Custom OpenCL kernel question

I'm trying to write a custom kernel to implement algorythm like this:

PHP Code:
$static_salt1 "123jjdsfhjrhfjrhdkedjkewdjdwjdwkjdkewjdkewjdkewjkdjwefjrhfjrhfjrhfjrhfjhrjfhrjsbdnsbdfrfjeh4jh43jhj34hjd3hdjbnbedbwedkjewbdkjedwkejdefre\n\rs";
$static_salt2 "djkedjewkdewjkdjk32bj3432h4o3240324h32432hjsdnbkjdnakdsadhldkhlhd3ljlk3dl4kdj43lkdj43ld3";
$hash md5($static_salt2.md5(md5(md5($pass).$static_salt1))); 

$static_salt1 is more than 64 symbols and contains special symbols like "\r\n", $static_salt2 is more than 64 symbols as well, both are fixed for every hash.

Obviously, because of the big fixed salts I can't use optimized kernel feature, so I'm trying to figure out how to write pure OpenCL kernel.

I'm a total noob in C / hashcat, but previously I've implemented similar algorythm in hashcat-legacy and it works there, but new hashcat has completely different architecture. In hashcat-legacy it was easier because there were multiple examples of hash algorithms using fixed salts, but I can't find any proper examples in new hashcat code base.

Where/How  should I pass both these static salts? 

Do I do this directly in OpenCL kernel?

Should I put both salts definition in include/interface.h ?

Maybe you can point me into some example algorithm which passes multiple static salts as an example.

Sorry, for stupid questions just trying to figure it out.

If both salts are fixed you can hardcode them into the kernel code, saves you some work. See kernel 2610 to get any idea on how to start.
(06-22-2018, 09:52 AM)atom Wrote: If both salts are fixed you can hardcode them into the kernel code, saves you some work. See kernel 2610 to get any idea on how to start.

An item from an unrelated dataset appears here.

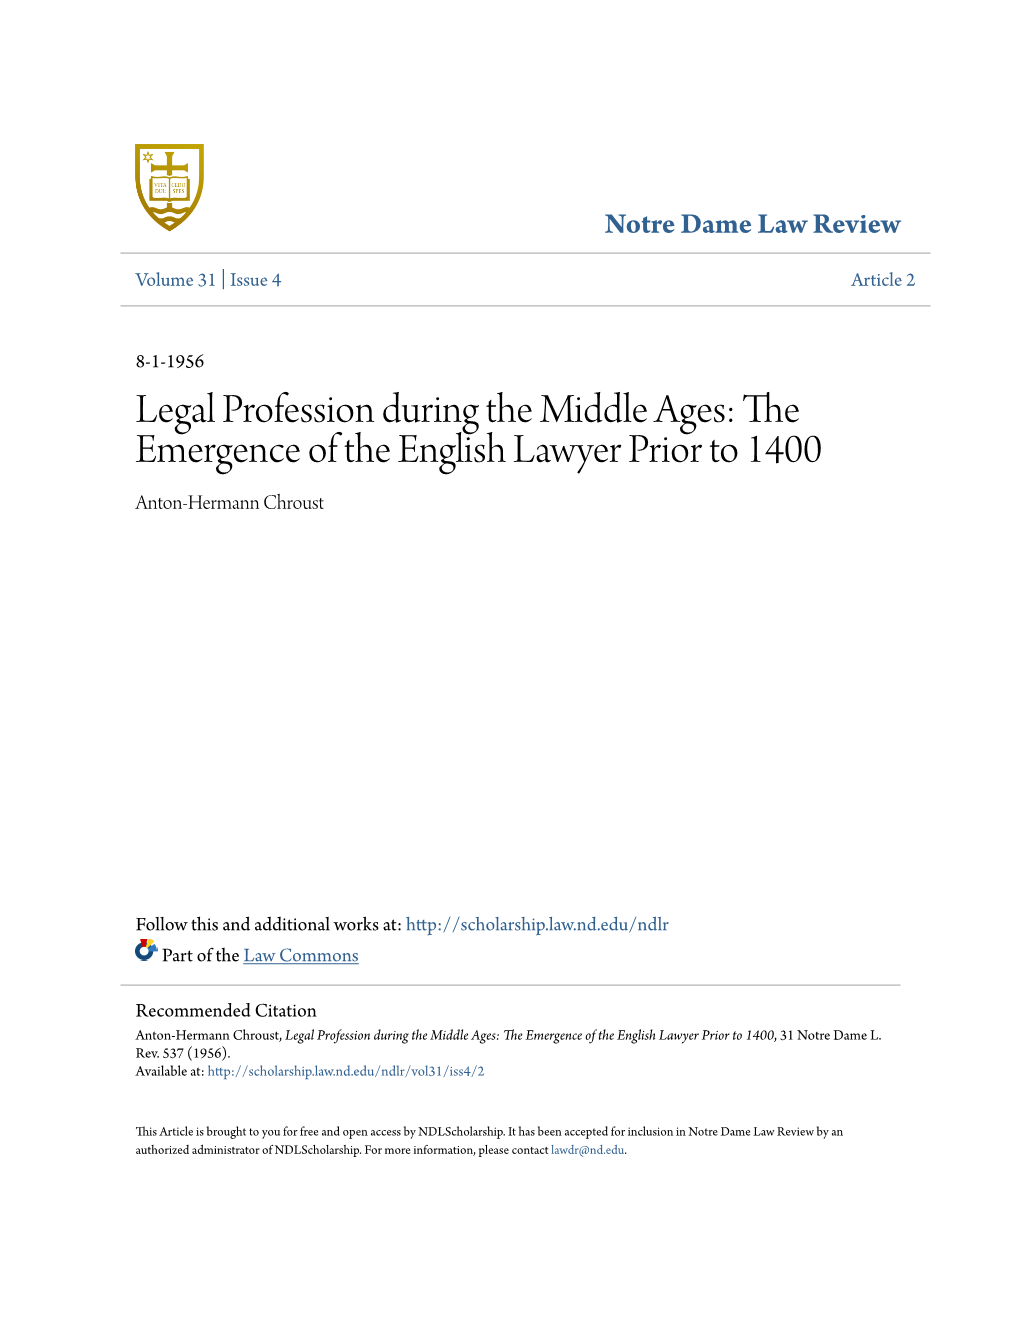 Legal Profession During the Middle Ages: the Emergence of the English Lawyer Prior to 1400 Anton-Hermann Chroust

Interestingly, I can't find any mentions on 2610 algorithm in src/interface.c

Thanks for the tip, looking into it!

EDIT: ok, I think I got it - it's just a general type kernel which is used in multiple algorithms.
Finally, after a day of struggling I was able to implement what I've needed!

It's very tricky to pass multiple salts to a kernel, I had to use concatenated salt in parsing function (src/interface.c) and then pad every single salt with 0 bytes at the end so it aligns properly to 4 bytes when read in the kernel.

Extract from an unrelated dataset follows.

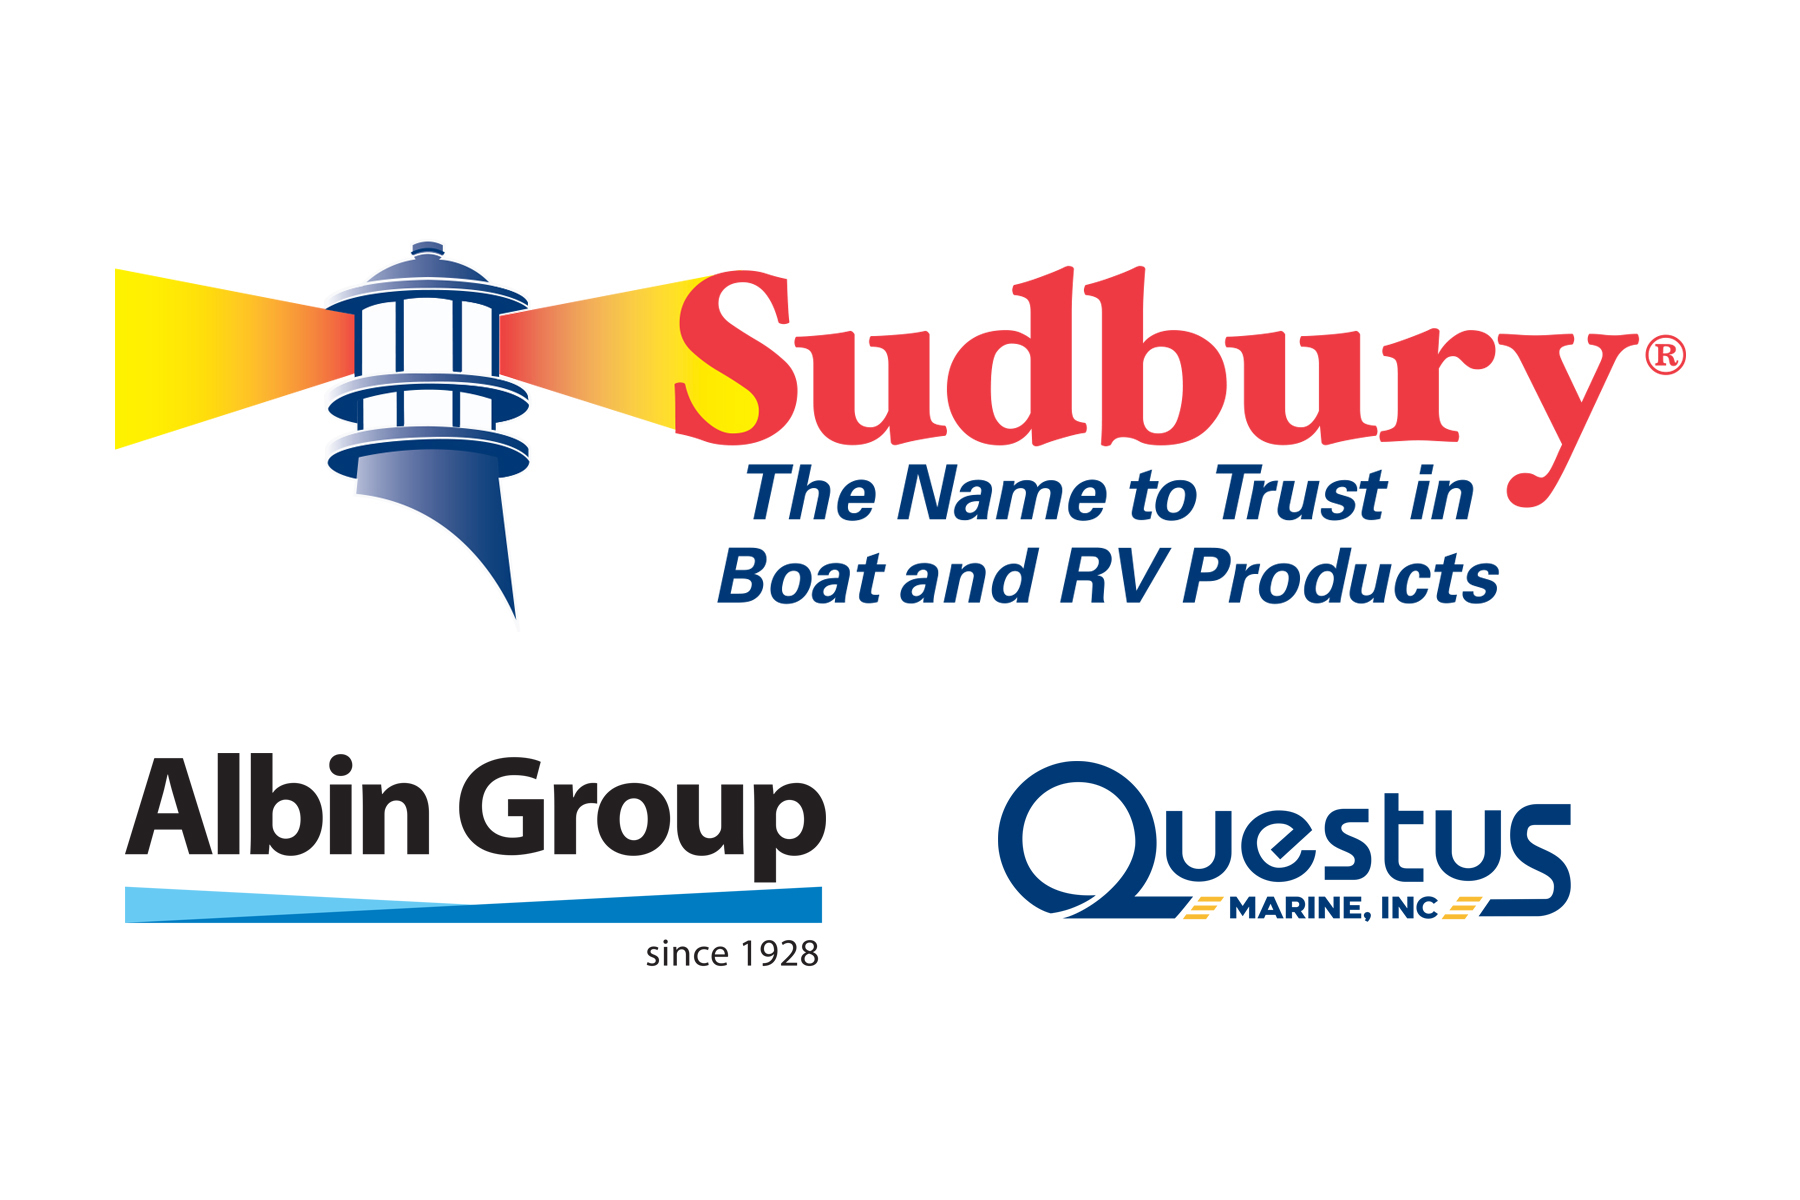 Sudbury buys majority share of Albin and also acquires Questus

Not an easy task to understand everything that is going on in the hashcat.

That was fun though implementing the algorithm!

The speed I have with pure unoptimized kernel is:
Session..........: hashcat
Status...........: Running
Hash.Type........: Custom
Hash.Target......: test
Time.Started.....: Sat Jun 23 14:48:37 2018 (3 mins, 38 secs)
Time.Estimated...: Sat Jun 23 15:36:59 2018 (44 mins, 44 secs)
Guess.Base.......: File (wordlist.01)
Guess.Mod........: Rules (testrules.all.rule)
Guess.Queue......: 2/7 (28.57%)
Speed.Dev.#2.....:   251.6 MH/s (86.18ms) @ Accel:64 Loops:32 Thr:384 Vec:1
Speed.Dev.#3.....:   185.2 MH/s (82.36ms) @ Accel:64 Loops:32 Thr:384 Vec:1
Speed.Dev.#4.....:   258.9 MH/s (82.06ms) @ Accel:64 Loops:32 Thr:384 Vec:1
Speed.Dev.#*.....:   695.8 MH/s
Recovered........: 31/100000 (0.00%) Digests, 0/1 (0.00%) Salts
Recovered/Time...: CUR:2,N/A,N/A AVG:2,132,3178 (Min,Hour,Day)
Progress.........: 151133356032/2019302727279 (7.48%)
Rejected.........: 0/151133356032 (0.00%)
Restore.Point....: 0/9122133 (0.00%)
Candidates.#2....: 2u -> f0shw
Candidates.#3....: 8vf0gHW717 -> ar246801hotel
Candidates.#4....: jh ->
HWMon.Dev.#2.....: Temp: 56c Fan:100% Util:  0% Core:1885MHz Mem:5005MHz Bus:8
HWMon.Dev.#3.....: Temp: 59c Fan:100% Util:  0% Core:1860MHz Mem:4513MHz Bus:16
HWMon.Dev.#4.....: Temp: 54c Fan:100% Util:  0% Core:1847MHz Mem:5005MHz Bus:16

Still better speed than what I was getting with hashcat-legacy!
It seems though I'm not getting full utilization on my GPUs for some reason?

Is it because of the pure kernel?

NOTE: I'm using big wordlist with huge rules, so there is no warning regarding "provide more work, etc".